Momentum-Based Federated Reinforcement Learning with Interaction and Communication Efficiency

Sheng Yue,Xingyuan Hua,Lili Chen,Ju Ren
2024-05-29
Abstract:Federated Reinforcement Learning (FRL) has garnered increasing attention recently. However, due to the intrinsic spatio-temporal non-stationarity of data distributions, the current approaches typically suffer from high interaction and communication costs. In this paper, we introduce a new FRL algorithm, named $\texttt{MFPO}$, that utilizes momentum, importance sampling, and additional server-side adjustment to control the shift of stochastic policy gradients and enhance the efficiency of data utilization. We prove that by proper selection of momentum parameters and interaction frequency, $\texttt{MFPO}$ can achieve $\tilde{\mathcal{O}}(H N^{-1}\epsilon^{-3/2})$ and $\tilde{\mathcal{O}}(\epsilon^{-1})$ interaction and communication complexities ($N$ represents the number of agents), where the interaction complexity achieves linear speedup with the number of agents, and the communication complexity aligns the best achievable of existing first-order FL algorithms. Extensive experiments corroborate the substantial performance gains of $\texttt{MFPO}$ over existing methods on a suite of complex and high-dimensional benchmarks.
Machine Learning,Artificial Intelligence
What problem does this paper attempt to address?

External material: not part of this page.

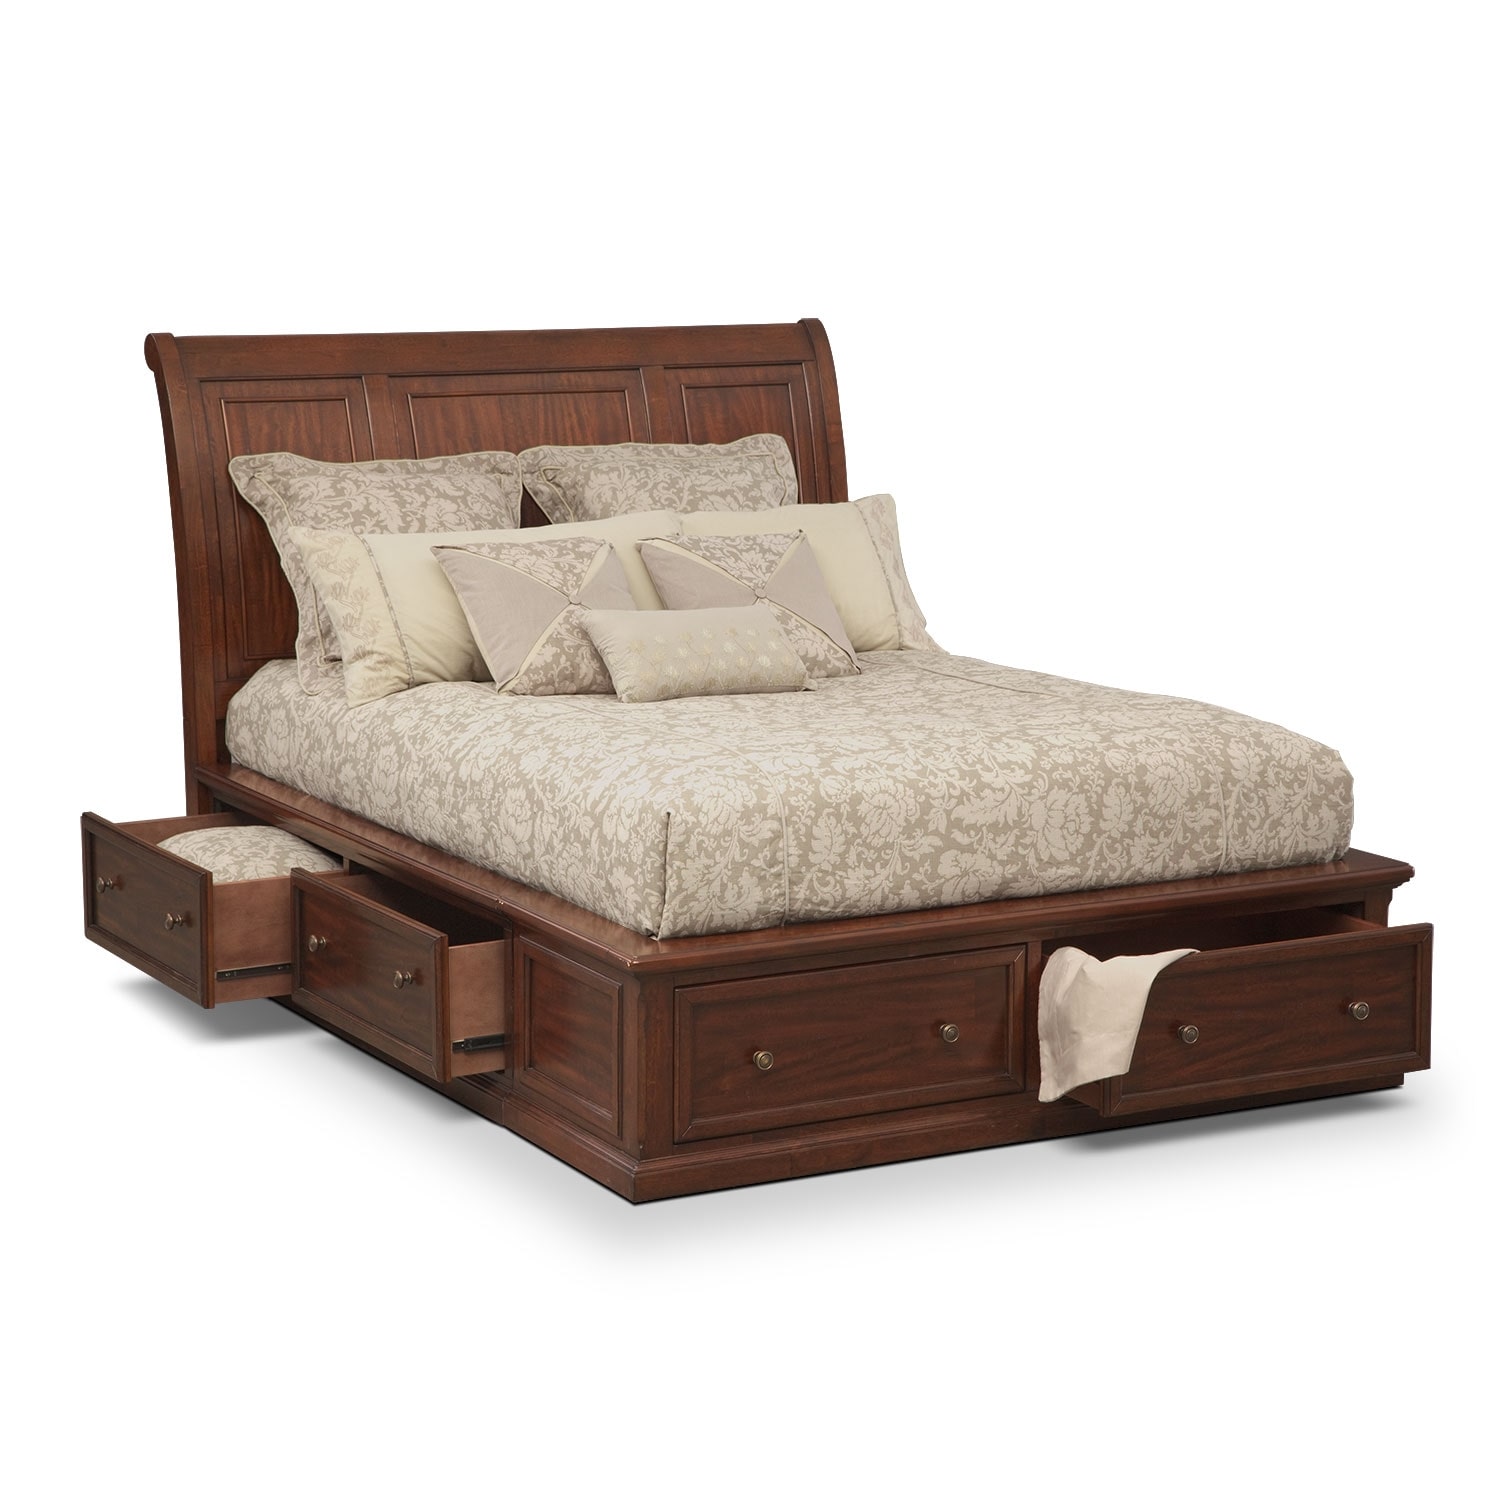 Hanover King Storage Bed by American Signature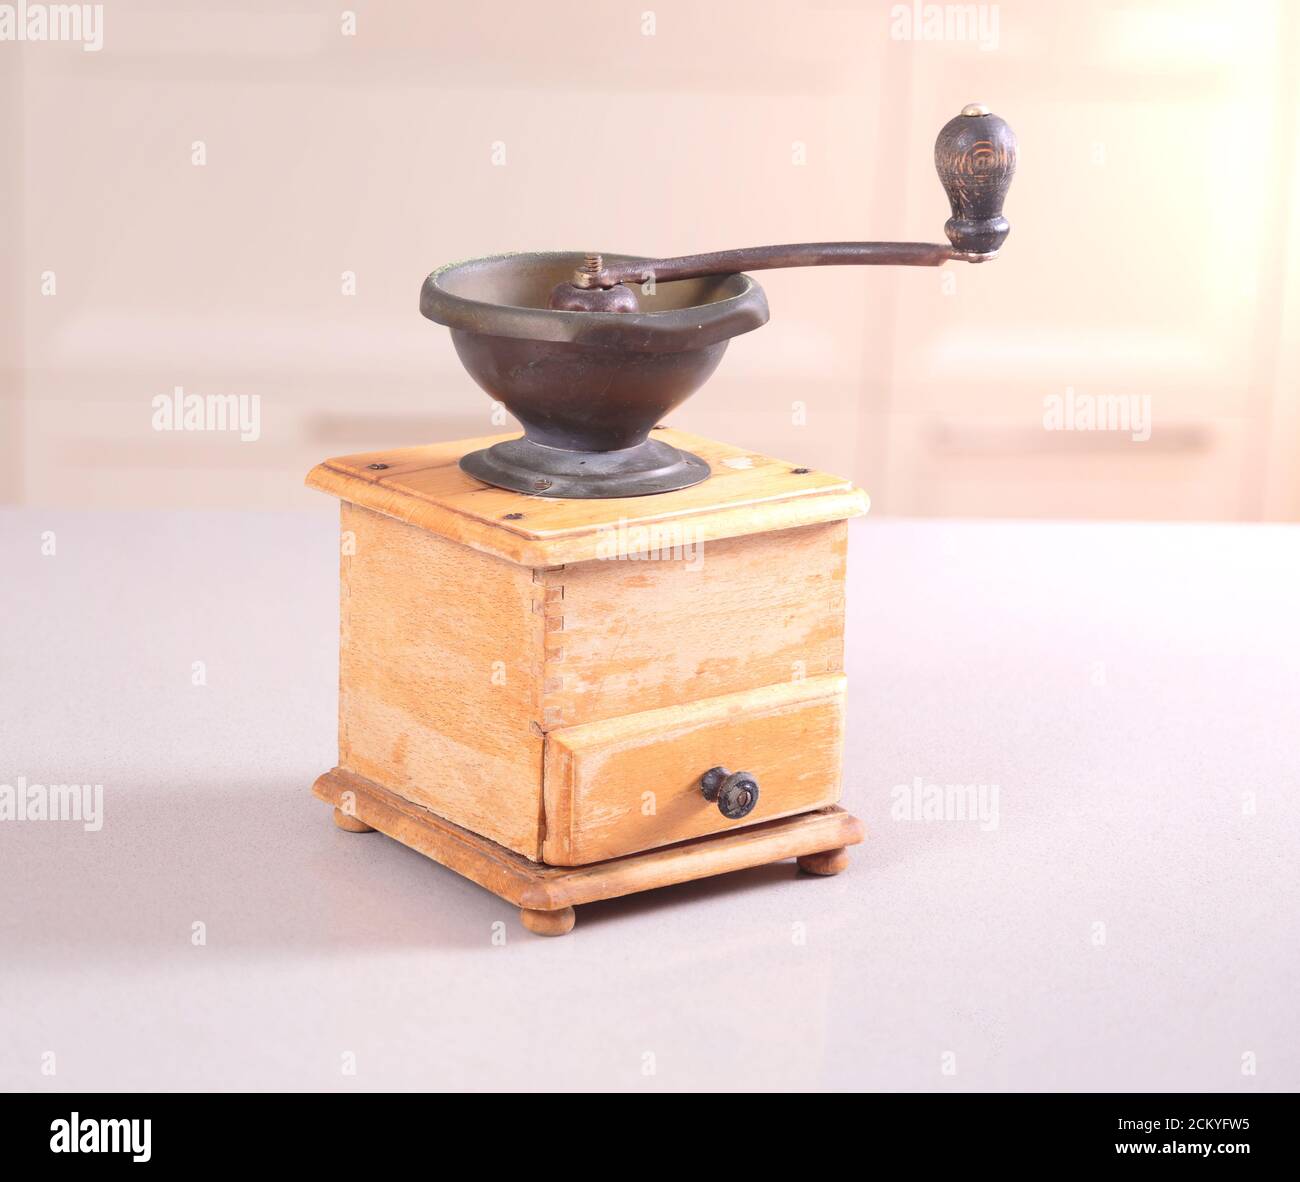 Old obsolete manual coffee grinder made of wood and iron Stock Photo

The problem that this paper attempts to solve is to jointly optimize the interaction complexity and communication complexity in Federated Reinforcement Learning (FRL). Specifically, due to the spatio - temporal non - stationarity of data distribution, current FRL methods usually encounter the following two main problems: 1. **High interaction/sampling cost**: During the continuous environmental exploration process, the interaction with the real system may be very slow, expensive or fragile, causing existing methods to be prone to excessive interaction/sampling costs. 2. **Gradient drift and increased communication complexity**: The dynamic data distribution will cause significant changes in the stochastic gradients among agents, resulting in unstable convergence performance and a substantial increase in communication complexity. To solve these problems, the paper proposes a new FRL algorithm - Momentum - assisted Federated Policy Optimization (MFPO). By introducing momentum, importance sampling and additional server - side adjustments, MFPO can control the changes in stochastic policy gradients and improve data utilization efficiency. The main contributions of this algorithm include: - **Optimization of interaction complexity and communication complexity**: By appropriately selecting the momentum parameter and interaction frequency, MFPO can achieve an interaction complexity of \(\tilde{O}(HN^{-1}\epsilon^{-3/2})\) and a communication complexity of \(\tilde{O}(\epsilon^{-1})\). Among them, the interaction complexity is linearly accelerated with the number of agents, and the communication complexity reaches the best level of existing first - order FL algorithms. - **Theoretical analysis and experimental verification**: The paper provides a strict theoretical analysis to prove the effectiveness of MFPO, and verifies that its performance is better than existing baseline methods through a series of complex high - dimensional benchmark tests (such as Classic Control, MuJoCo and image - based Atari games). In summary, this paper aims to overcome the problems of excessive interaction and communication costs in existing FRL methods by introducing the MFPO algorithm, thereby improving learning efficiency and performance.